# Different ways of portfolio optimization

There are different ways to optimize portfolios:

$$\max R^Tw\tag{1}$$

or

$$\min w^T \Sigma w\tag{2}$$

and finally using a risk tolerance $\lambda$:

$$\min{(w^T\Sigma w-\lambda R^T w)}\tag{3}$$

Suppose we have the constraint $\sum w_i = 1$, $w_i\ge 0$ for all the optimization problems.

Additionally, we can define further constraints for problems $(1)$ and $(2)$:

For $(1)$: $w^T\Sigma w\le \sigma$, i.e. the risk should not exceed a certain level $\sigma$.

The same is possible for $(2)$ with return, adding the constraint: $R^T w\ge r$, for a minimal target return $r$.

My question is, in the optimization problem $(3)$, does it make sense to add a constraint like $w^T \Sigma w \le \sigma$ or $R^Tw \ge r$?

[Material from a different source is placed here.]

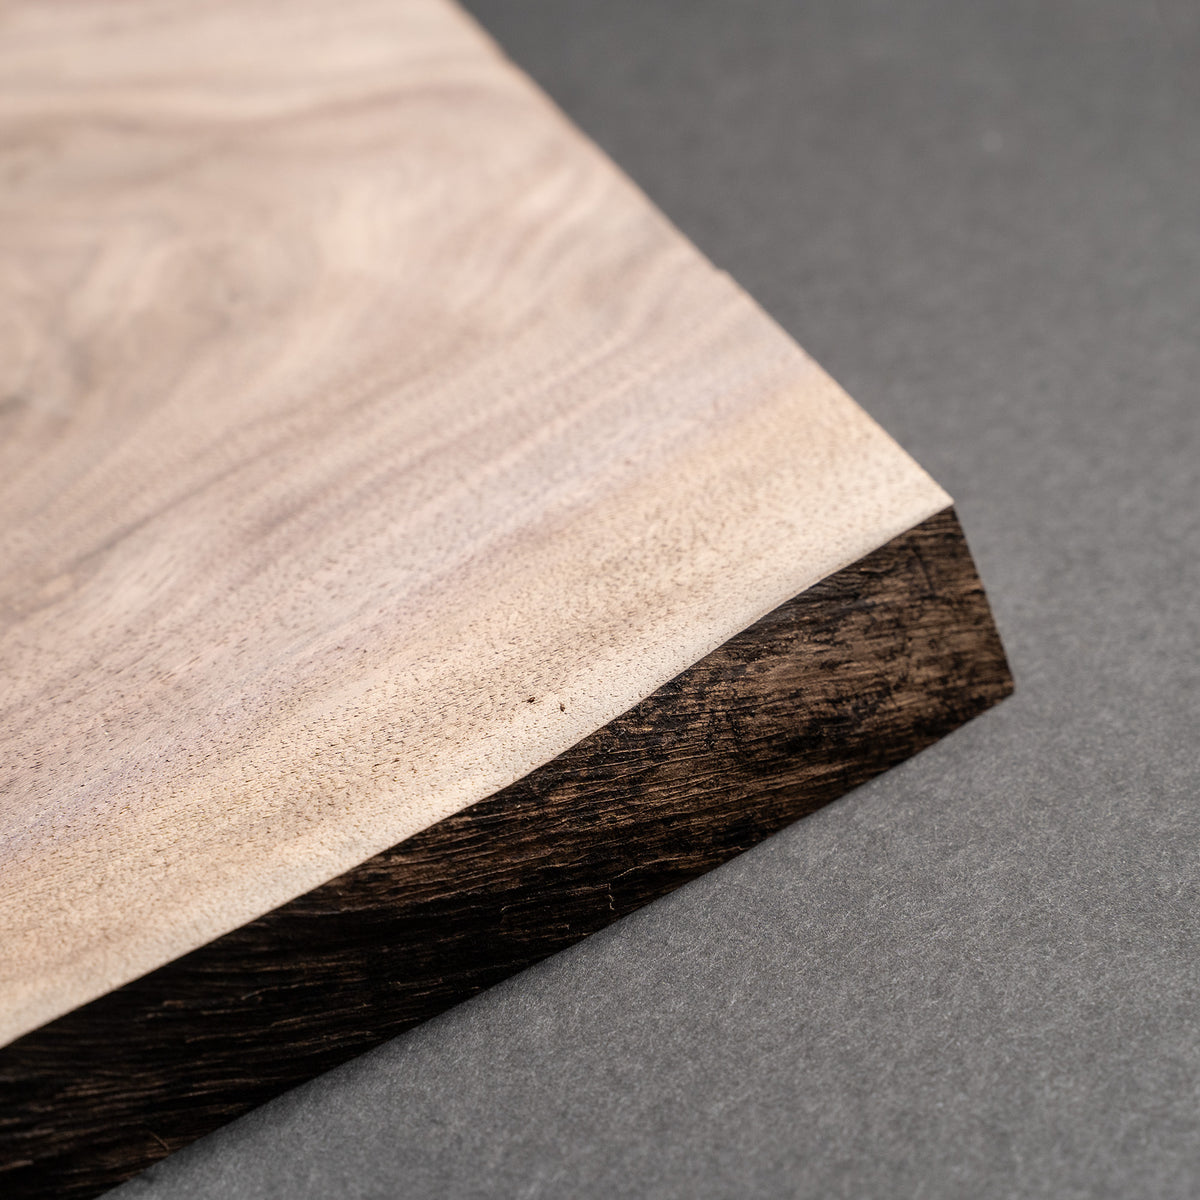 4/4 1” Live Edge Black Walnut Boards Wood - Kiln Dried Dimensional Lumber - Cut to Size - DIY Project wood board - Floating Shelf Boards

Am I right to say that adding such a constraint we would discard the solution (a efficient frontier portfolio) which does not satisfy this constraint?

It doesn't make sense because (3) is a complete set up: it defines the (minus utility) function that you have to minimize wrt $w$. The parameter $\lambda$ allows one to assess the tradeoff between risk and return explicitly. On the other hand, in (1) and (2) such parameter is absent but the constraints on risk in (1) and on return in (2) perform a function similar to that of $\lambda$.

There is only one efficient frontier. Each point on the frontier is a portolio that has minimal variance for a given expected return.

There are 3 equivalent ways to obtain the frontier, and Wikipedia mentions two of them explicitly: I) Solve (3) for all positive values of $\lambda$ II) Solve (2) for all possible values of expected return. One can also solve (1) for all possible values of portfolio variance. In any case, the solution is the very same efficient frontier.

• Thanks for you answer. I would agree if the following is true: What is then the relationship of solution of the problems? For example are the efficient frontiers the same? Does this imply, if I have a maximal risk or minimal target return I should you use $(1)$ or $(2)$. Otherwise $(3)$? What is then the advantage of $(3)$?
– math
Sep 20 '14 at 18:53
• For example it is stated on en.wikipedia.org/wiki/… that every solutino of $(3)$ leads to a efficient frontier portfolio. why is this true?
– math
Sep 20 '14 at 19:10
• @user8 I think James is pretty clear. For these problems, it is pretty easy to analytically show that they all produce the same efficient frontier. So for a $\lambda$ you could find a target return or target volatility problem that will produce the same optimal portfolio. Whether you want to use one or the other depends on what you're trying to do and what optimization software you have. Nevertheless, contra James I still could imagine a situation where I would optimize utility and still constrain variance or tracking error.
– John
Nov 19 '14 at 22:41